Io ho sempre sentito e sempre usato  (e sono di Roma):  "in culo ai lupi" o "in culo al mondo" oppure più simpaticamente..."una liana dopo tarzan"....


----------



## raisetheflavour

Io sono nata e cresciuta a Roma e ho sentito dire in c... alla luna o anche in c...al mondo. Ma mai sentito dire in c... ai lupi.


----------



## pandinorombante

Anch'io ho sempre sentito "in culo ai lupi" oppure "in culo al mondo" ma mai "una liana dopo tarzan".. buono a sapersi, grazie Nikis.

Anyway, I realised by myself that "in culo ai lupi"/"in culo al mondo" has a slightly different meaning from "posto dimenticato da Dio" (a godforsaken place) because the former means just that the place is really far but doesn't necessarily implies that it's also horrible as "a godforsaken place"/"posto dimenticato da Dio" would suggest.

Who agrees with me?


----------



## Azazel81

pandinorombante said:


> Anch'io ho sempre sentito "in culo ai lupi" oppure "in culo al mondo" ma mai "una liana dopo tarzan".. buono a sapersi, grazie Nikis.
> 
> Anyway, I realised by myself that "in culo ai lupi"/"in culo al mondo" has a slightly different meaning from "posto dimenticato da Dio" (a godforsaken place) because the former means just that the place is really far but doesn't necessarily implies imply that it's also horrible as "a godforsaken place"/"posto dimenticato da Dio" would suggest.
> 
> Who agrees with me?


 
Well, I wouldn't say horrible, but something close to it, and except for that little mistake (which I already corrected  ) I'm right there with you.

Plus, "in culo ai lupi" is very common and not only in Lombardia, a bit more than "in culo al mondo". I have to admit I've never heard "una liana dopo tarzan" but I find it funny .. I like it.
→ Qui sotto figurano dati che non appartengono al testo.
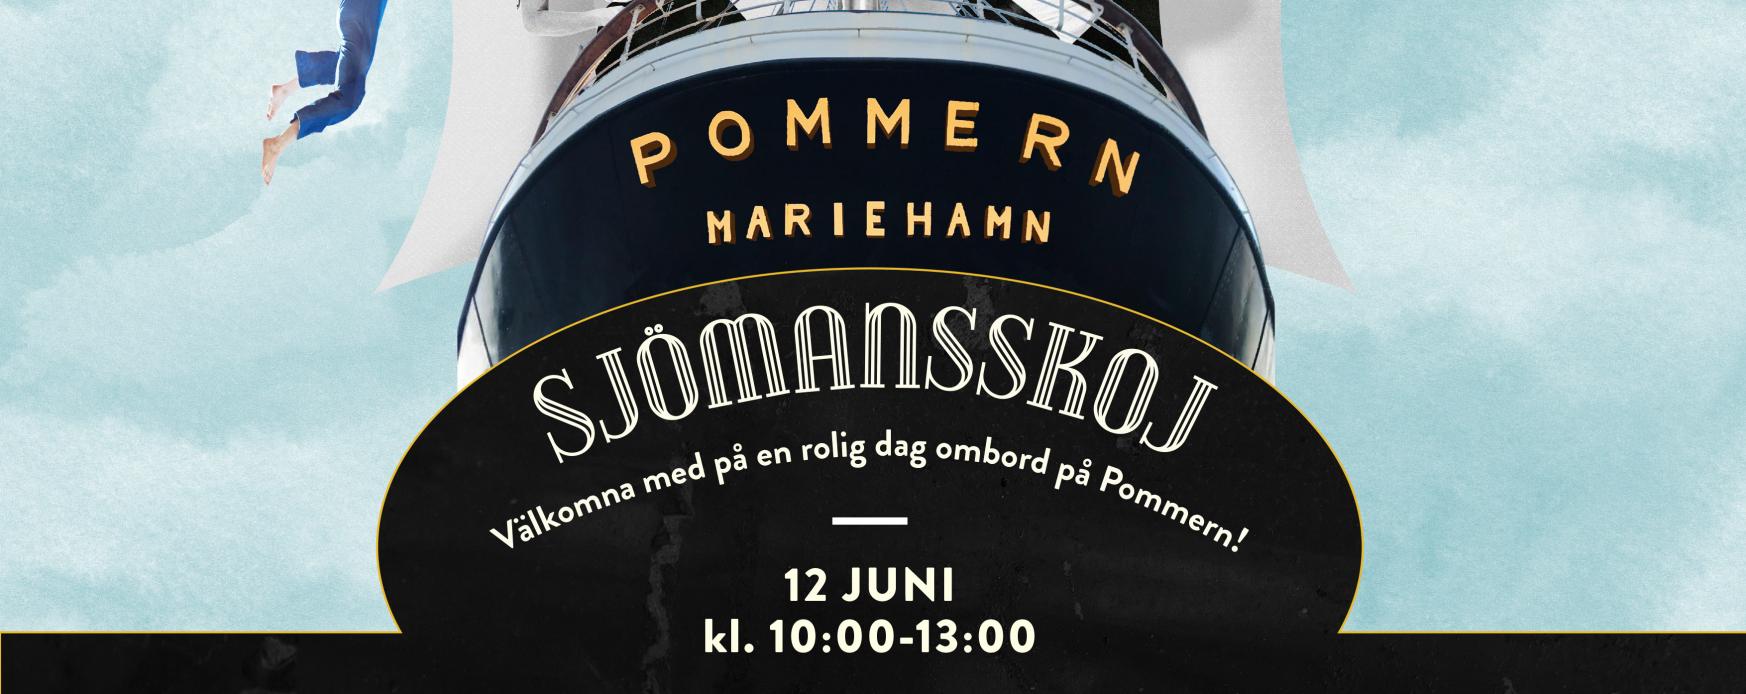 Affisch för sjömansskoj för skolbarn ombord på segelfartyget Pommern.

Coming from Rome I suppose it's spelled like " 'na liana dopo tarzan", right? 

"Un posto dimenticato da Dio" conveys the idea that besides being far, the mentioned place is also in ruin or anyway abandoned.. something along these lines.


----------



## TimLA

pandinorombante said:


> Anch'io ho sempre sentito "in culo ai lupi" oppure "in culo al mondo" ma mai "una liana dopo tarzan".. buono a sapersi, grazie Nikis.
> 
> Anyway, I realised by myself that "in culo ai lupi"/"in culo al mondo" has a slightly different meaning from "posto dimenticato da Dio" (a godforsaken place) because the former means just that the place is really far but doesn't necessarily implies that it's also horrible as "a godforsaken place"/"posto dimenticato da Dio" would suggest.
> 
> Who agrees with me?


 
It works the same in AE.
I'll use an example in Italy.
"Castello di Velona" is "out in the boonies" but it is certainly *not* "godforsaken"!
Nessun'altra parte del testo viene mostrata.